[Dataset section Boundary: Start]

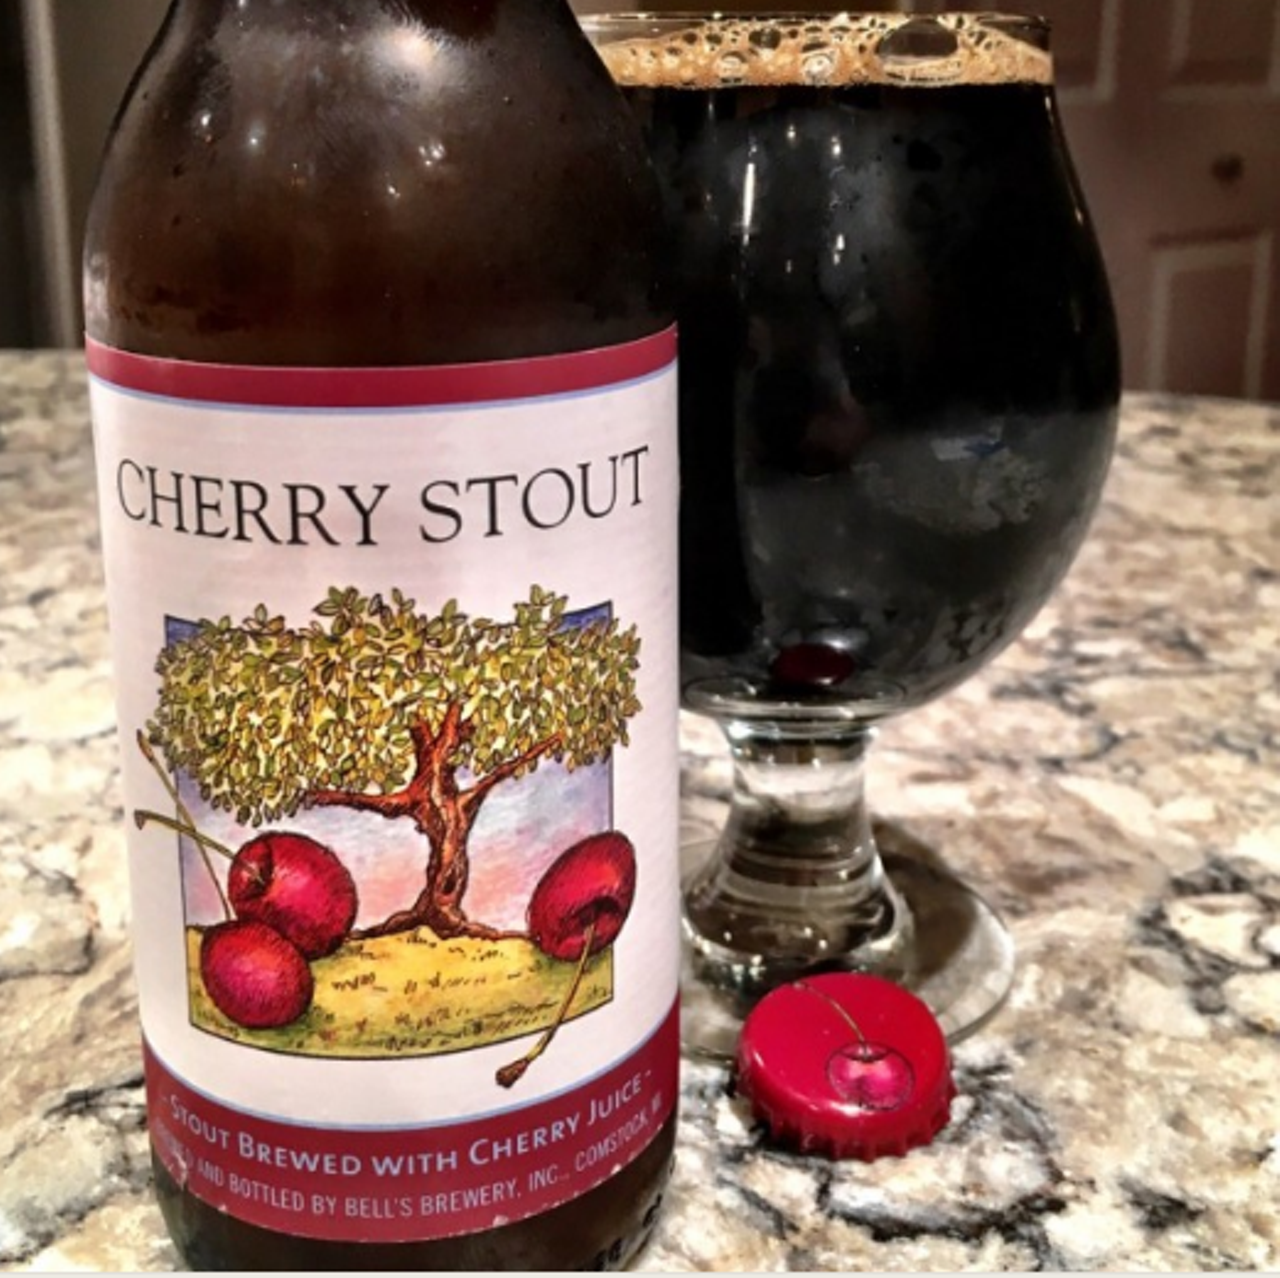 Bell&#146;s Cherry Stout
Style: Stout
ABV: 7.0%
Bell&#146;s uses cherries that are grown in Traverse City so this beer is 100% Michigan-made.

[Dataset section Boundary: End]

__Aim of the exercise__
Repeat the data exactly, dropping every picture it holds.

__Solution for this exercise__
 Bell&#146;s Cherry Stout
Style: Stout
ABV: 7.0%
Bell&#146;s uses cherries that are grown in Traverse City so this beer is 100% Michigan-made.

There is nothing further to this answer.